5 In or around 2009, I suffered an injury to my left shoulder. The injury required an arthroscopic procedure which was conducted Dr Doran Sher at the time. I had a good outcome following surgery, and after some time of conservative treatment, I was able to achieve a good range of motion.
6 Both these matters had resolved by the stage of my current workers compensation, as I was able to work without any restriction at Cloud Nine.”
(b) The prior left shoulder injury was 10 years old and it does not appear that the applicant was suffering any residual symptoms as a result of the surgery he had with Dr Sher in 2009. There seems to be no reason to doubt Mr Testar’s evidence to that effect. The cause of his present impairment, Mr Testar said, was his need to favour the left shoulder because of the surgery on the right shoulder in 2019.
(c) The MA acknowledged that he had read Dr Bodel’s report by referring to his differing examination results. He had no obligation to discuss Dr Bodel’s s 323 opinion, and he clearly dismissed it as having any relevance to his deliberations. Both Dr Bodel and the MA considered the same cause, namely the injury of 2009. Dr Bodel gave his assessment, but the MA had a different opinion, and explained that Mr Testar had suffered subsequent accelerated degenerative change for which he assessed the 1/10th deduction.
(d) That finding was open to him, and was based on his assessment on 22 March 2022, the date of consultation. His path of reasoning was expressed clearly.
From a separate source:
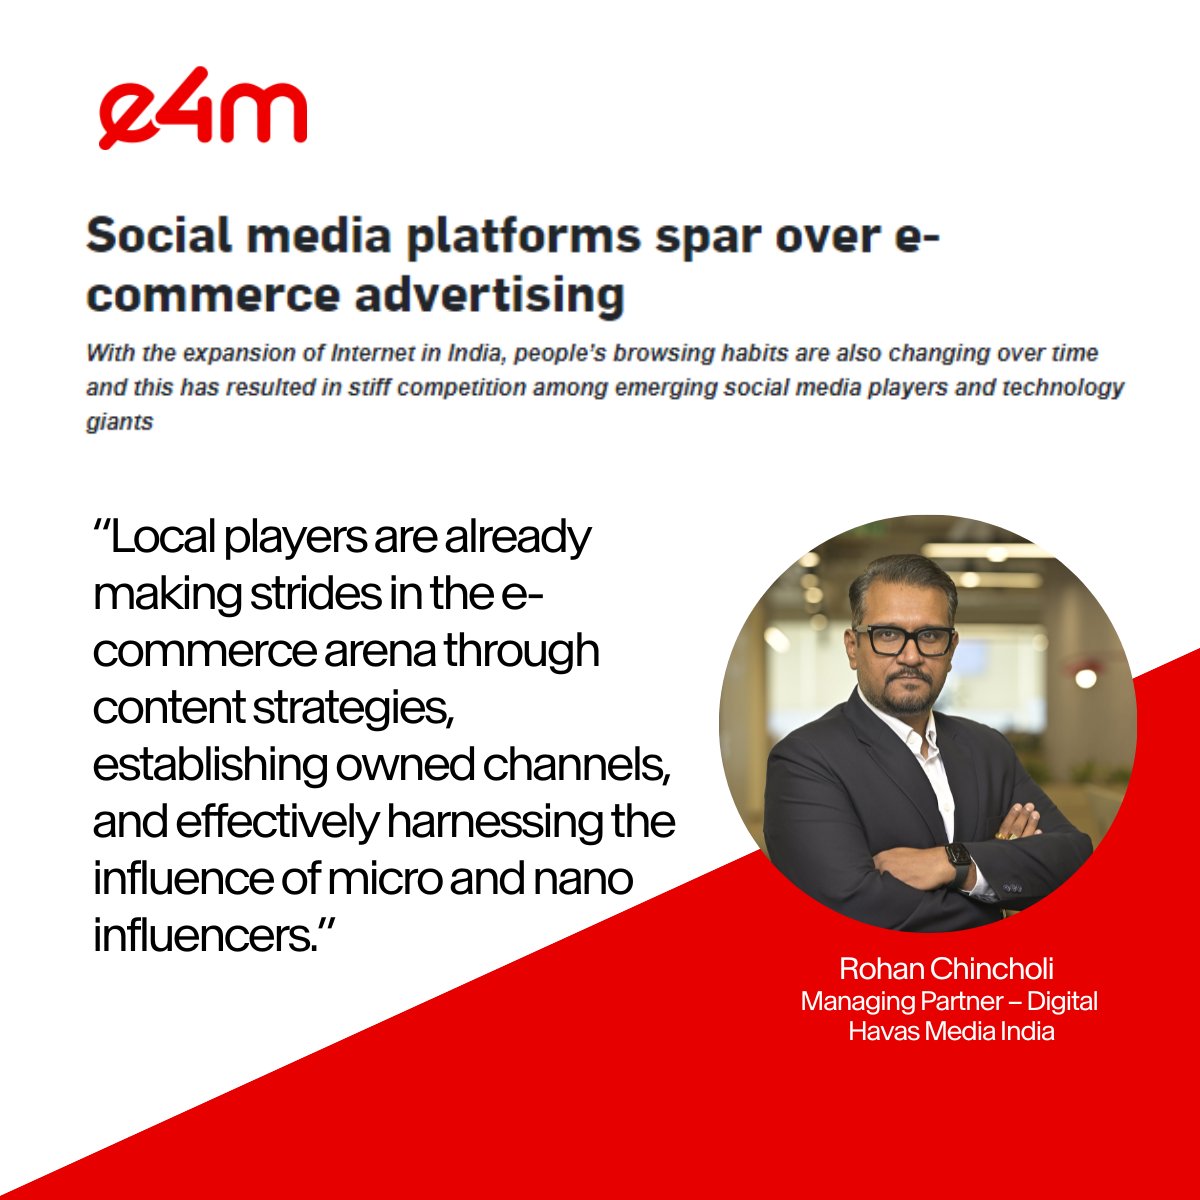 @IamCRK, Managing Partner #Digital #HavasMediaIndia discusses the changing face of Indian eCommerce ad landscape vis-à-vis consumers’ evolving browsing preferences. Read what it means for marketers in this @e4mtweets feature: surl.li/mnlbv #MeaningfulConversations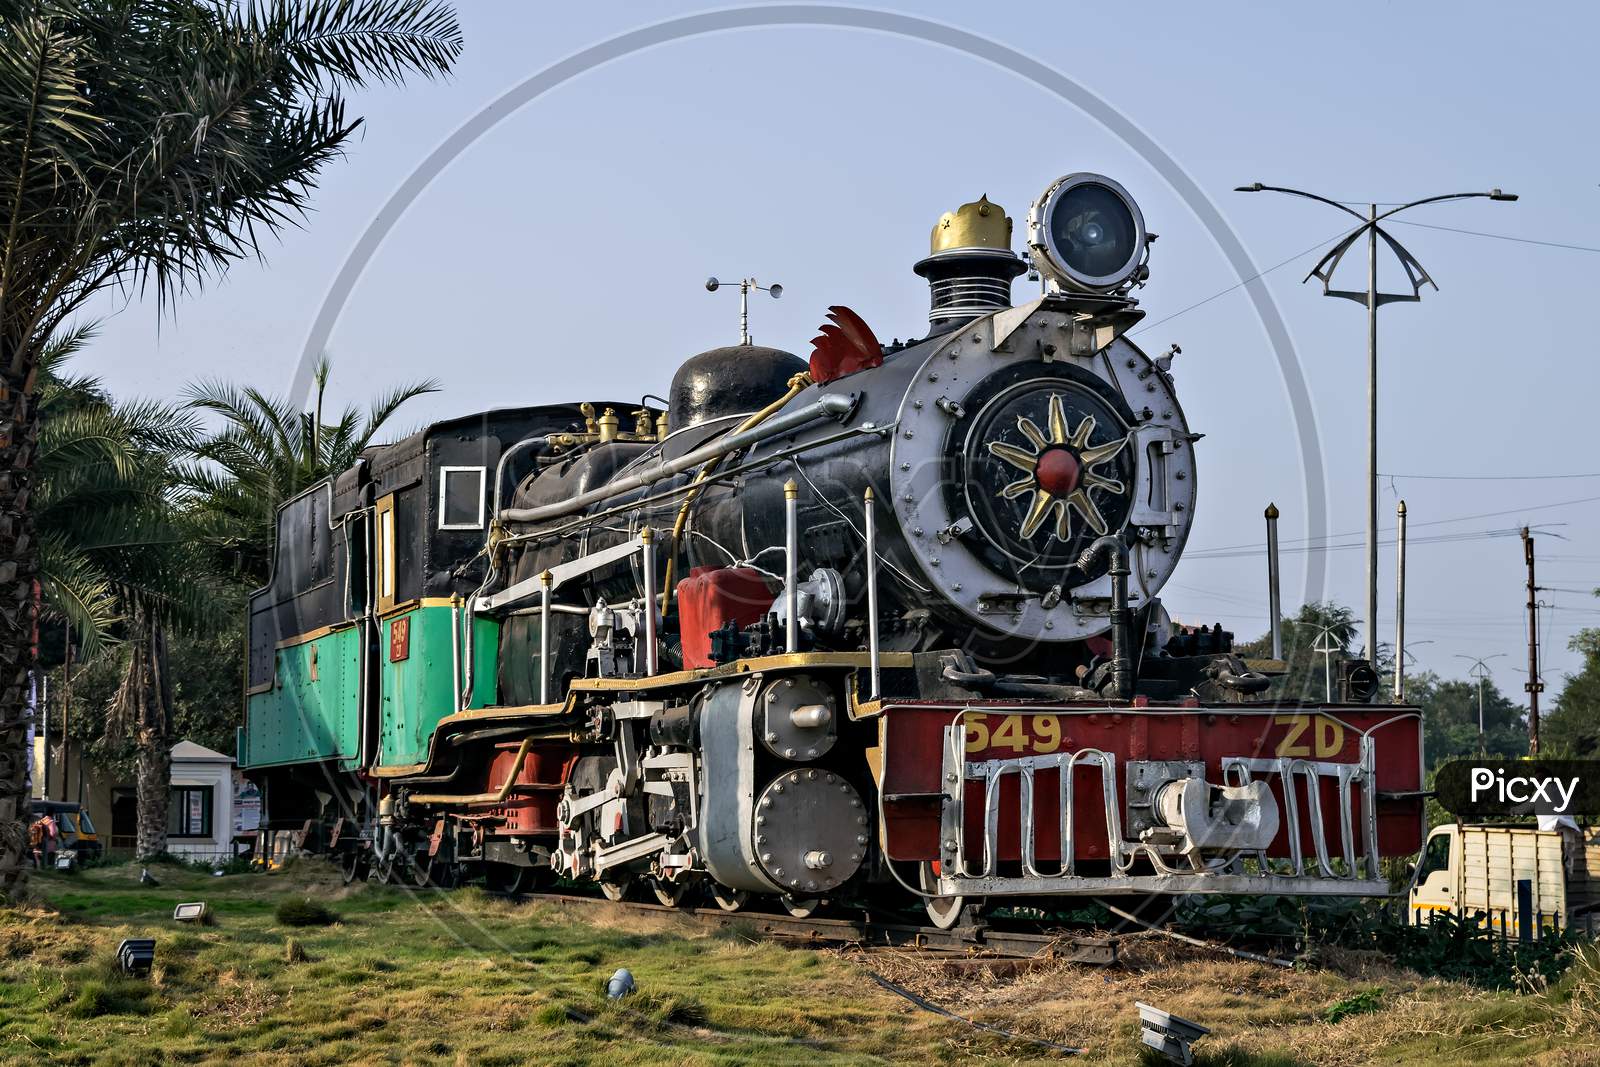 Solapur,Maharashtra,India-December 23Rd,2019: Old Narrow Gauge Steam Locomotive, Zd-549 Preserved By Displaying In Front Of Solapur Railway Station.

(e) There is some tension between the provisions in Chapter 1 of the Guides and those of s 323 of the 1987 Act, which is not relevant in the present case, but for which reason we rely on the terms of the statute. We would observe that the MA did not rely on the provisions of s 323(2) to deem the impairment to be 1/10th, but rather identified the actual cause of the impairment.
(f) The investigations support that view, in the opinion of the medical experts on the Panel. The MRI scan of 21 September 2020 showed minor degenerative changes in the acromioclavicular joint of such a nature that there was no reason to suspect any pre-existing impairment beyond the 1/10th found by the MA.
(g) Further, we note the absence of any fatty degeneration of the rotator cuff muscles, which is an objective confirmation that the 2009 surgery had been successful. It again confirmed Mr Testar’s evidence that he had made a full recovery.
The appellant’s submissions that the MA had failed to give any or proper consideration to the medical and lay evidence were self-evidently based on the proposition that if the MA did not mention a particular document, he must not have read it, or read it adequately. This submission may be rejected, as it is firstly based on speculation, and secondly, there is a presumption of regularity that attends administrative decisions, and the presumption applies to an Approved Medical Specialist.[13] It follows that it may be accepted that the MA read and considered the material that was referred to him.
[13] Jones v The Registrar Workers Compensation Commission [2010] NSWSC 481 per James J at [36] and [80].
For these reasons, the Appeal Panel has determined that the MAC issued on 22 March 2022 should be confirmed.